Problem details: Return exactly the lines of the data below, from the one that contains "Lasten ja nuorten" through the final line, and leave out every picture.

Data shown:
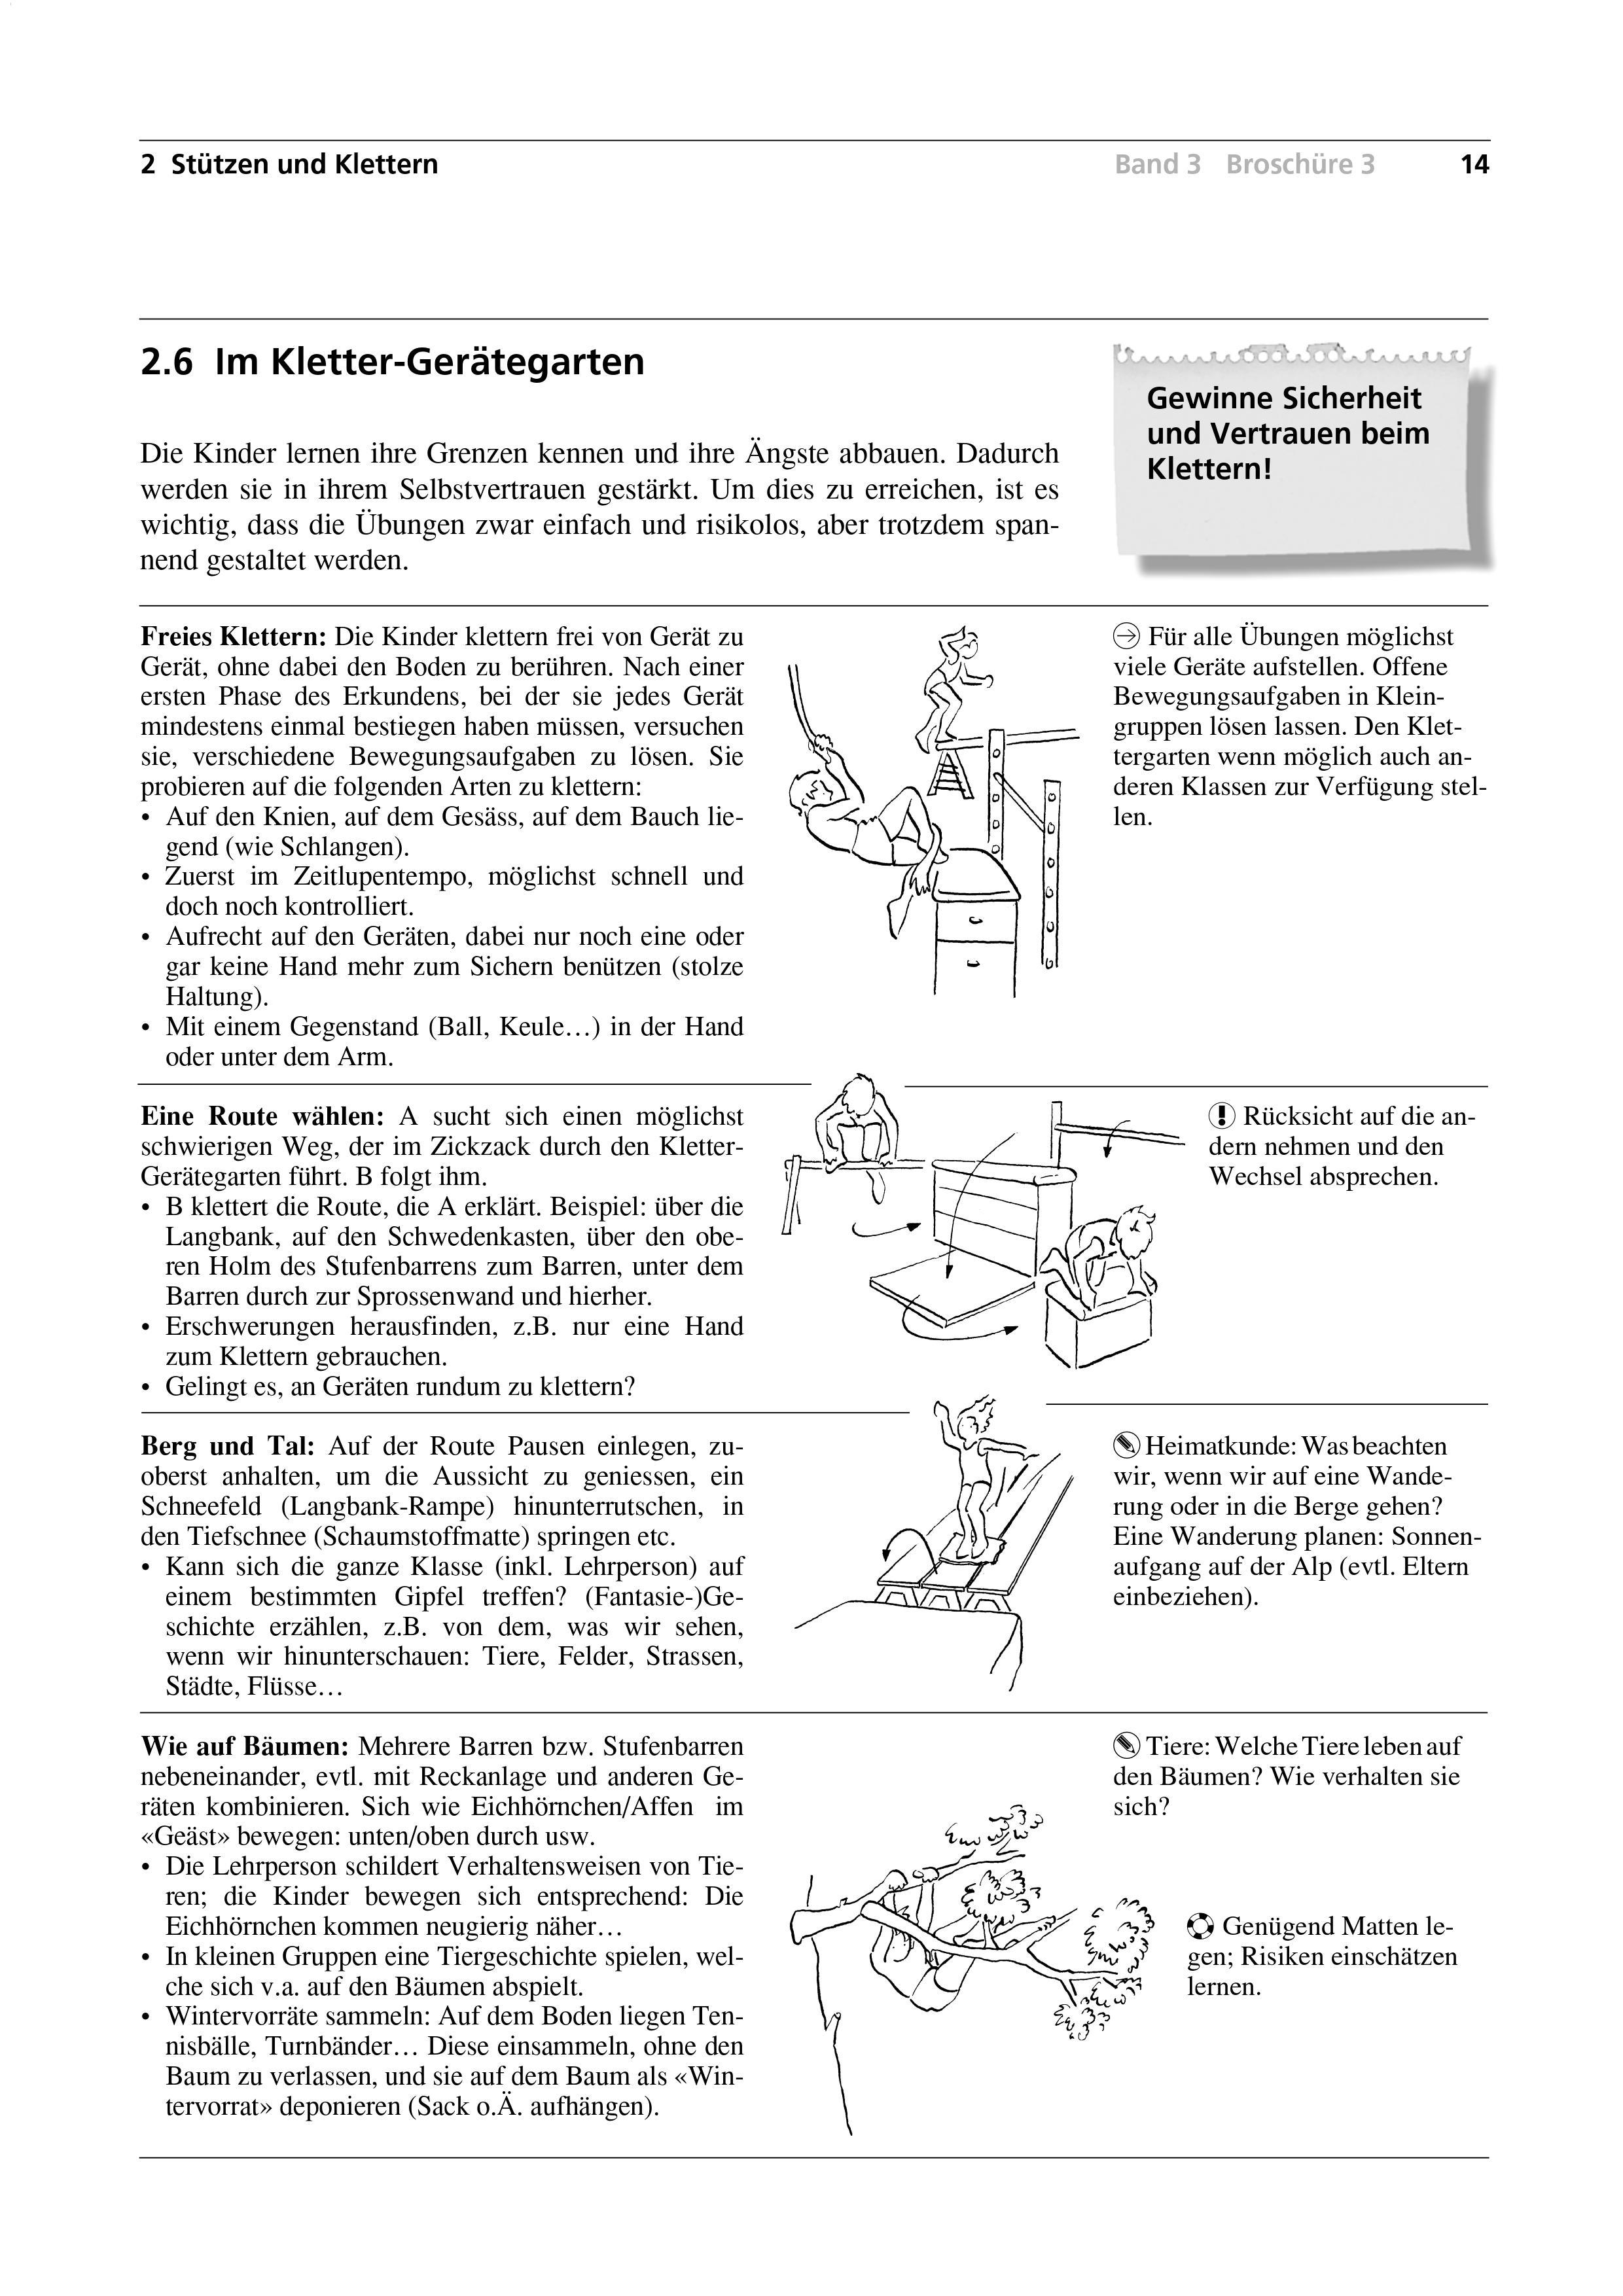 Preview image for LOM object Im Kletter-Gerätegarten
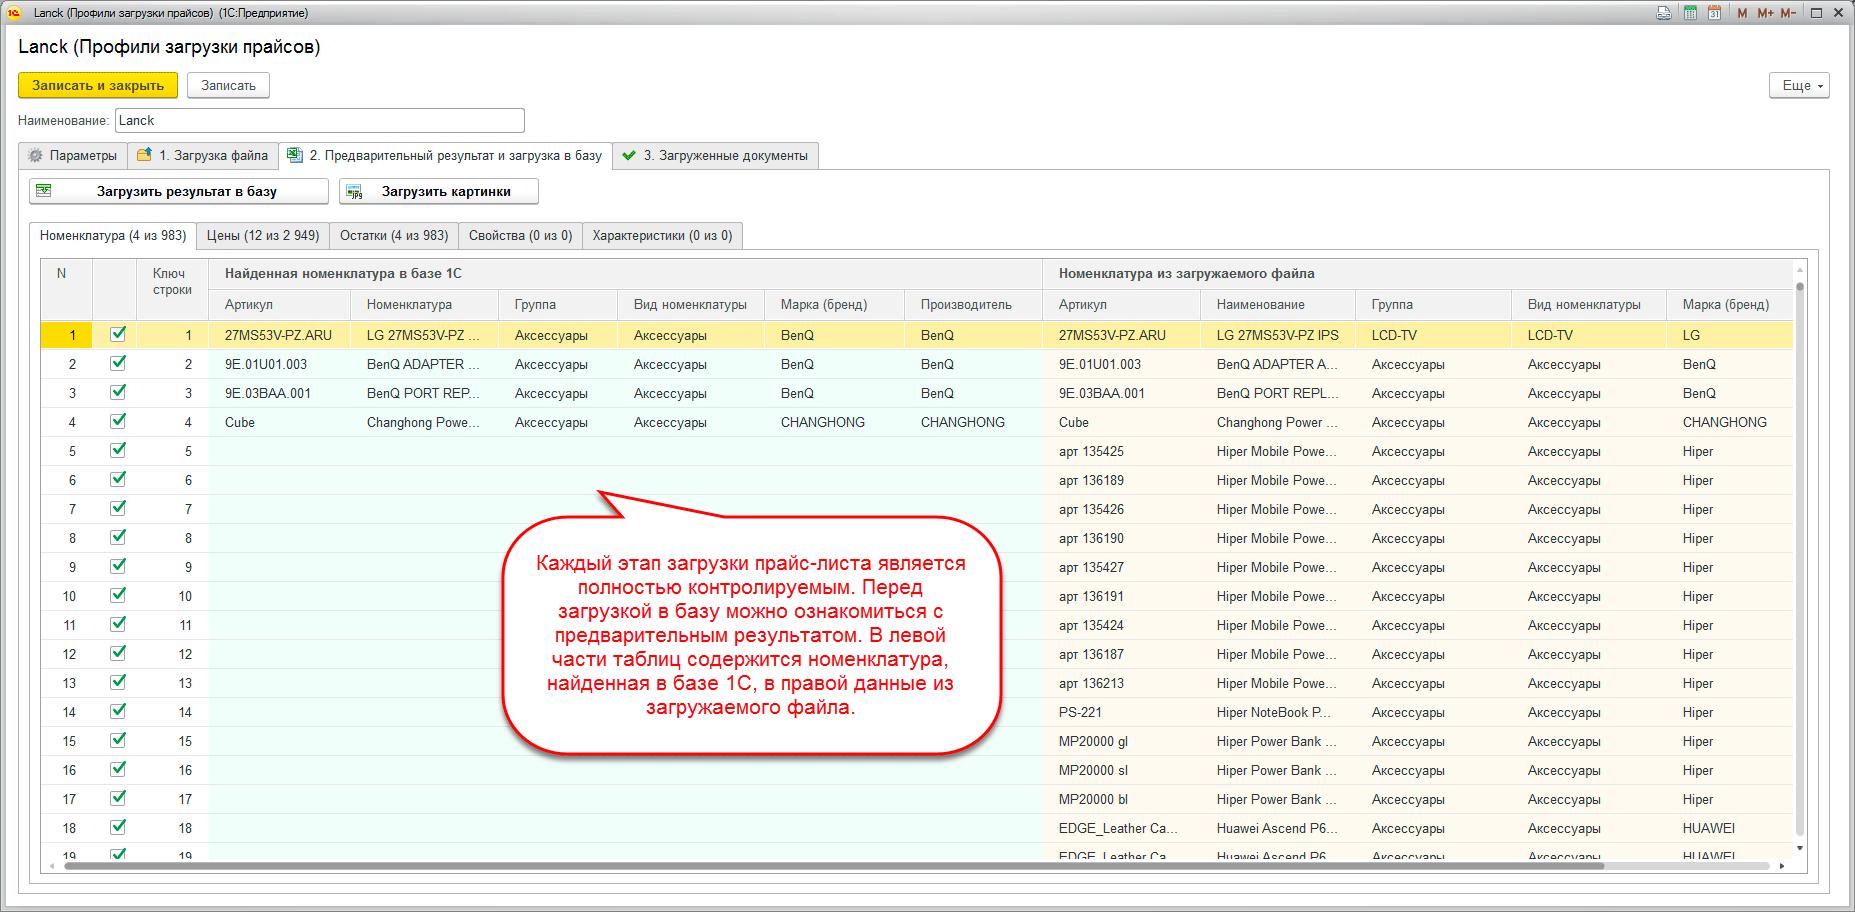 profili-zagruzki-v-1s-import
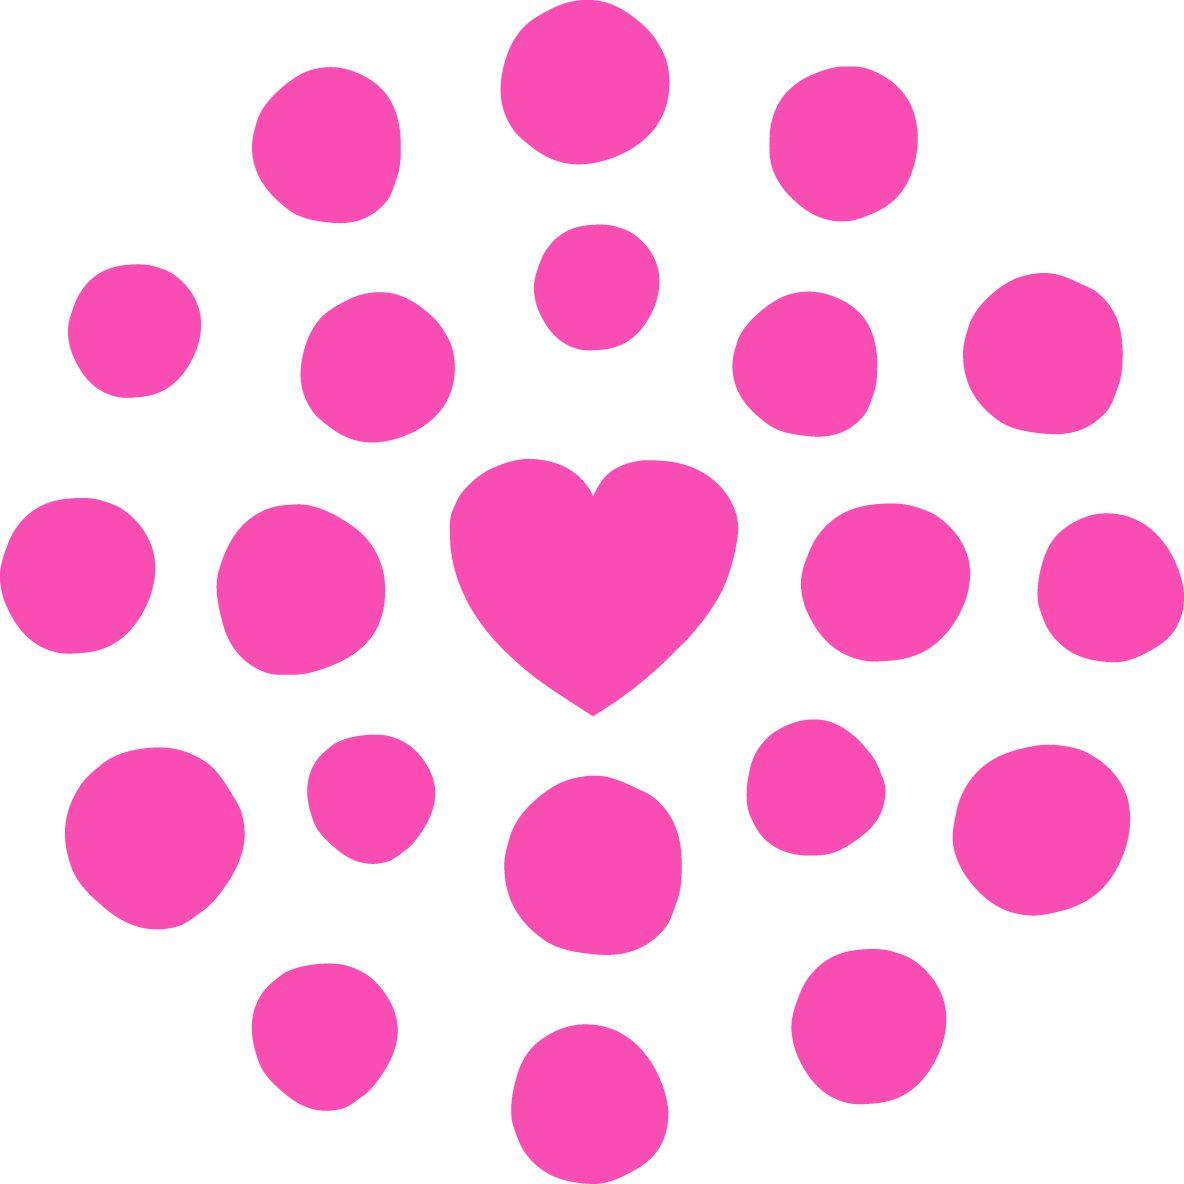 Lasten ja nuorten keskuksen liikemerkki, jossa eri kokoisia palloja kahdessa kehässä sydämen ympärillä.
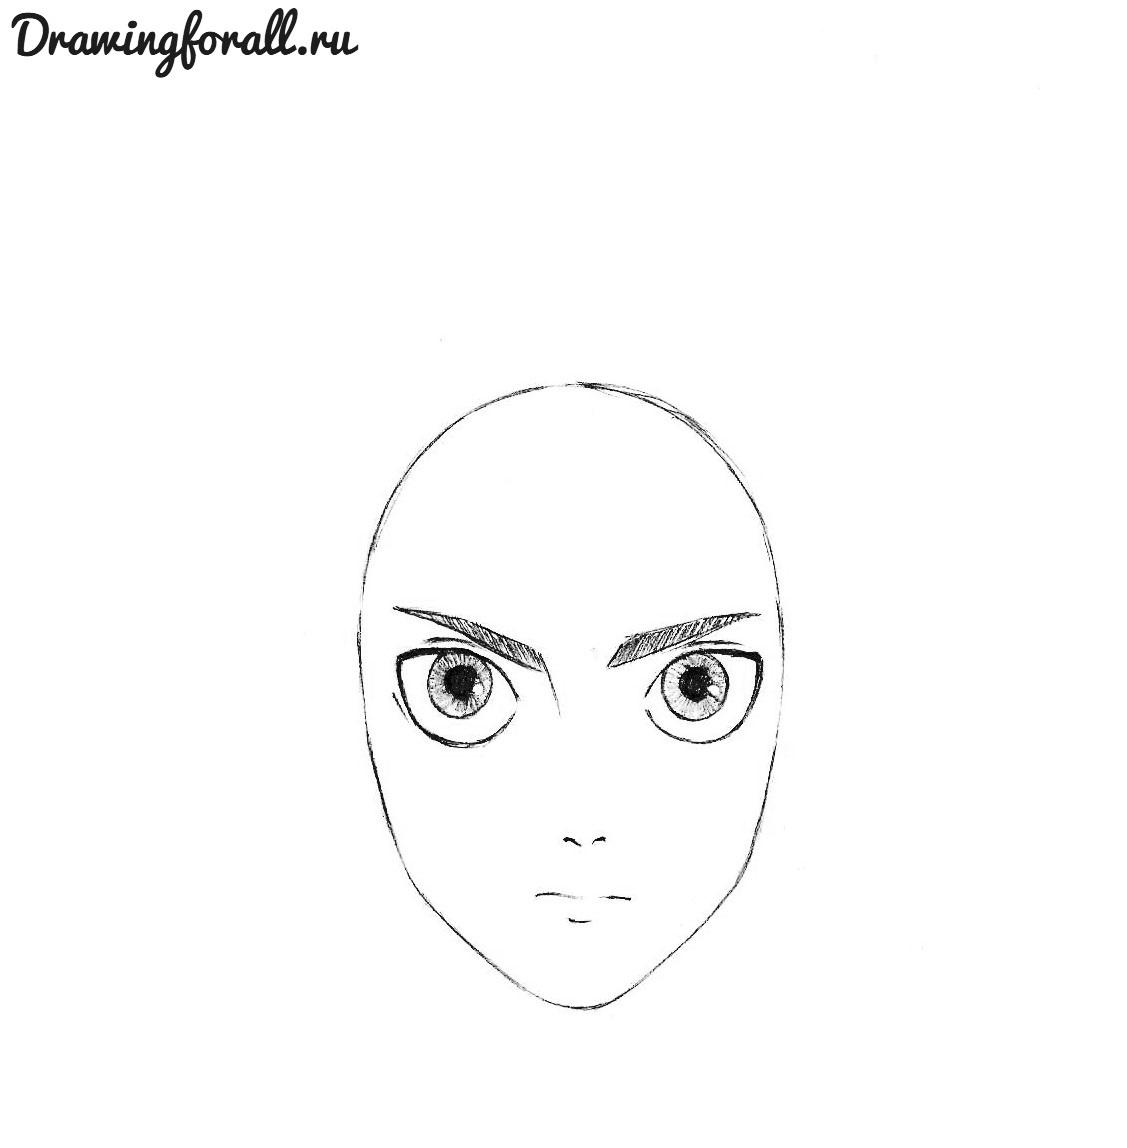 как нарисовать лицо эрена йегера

Answer to the exercise:
 Lasten ja nuorten keskuksen liikemerkki, jossa eri kokoisia palloja kahdessa kehässä sydämen ympärillä.
 как нарисовать лицо эрена йегера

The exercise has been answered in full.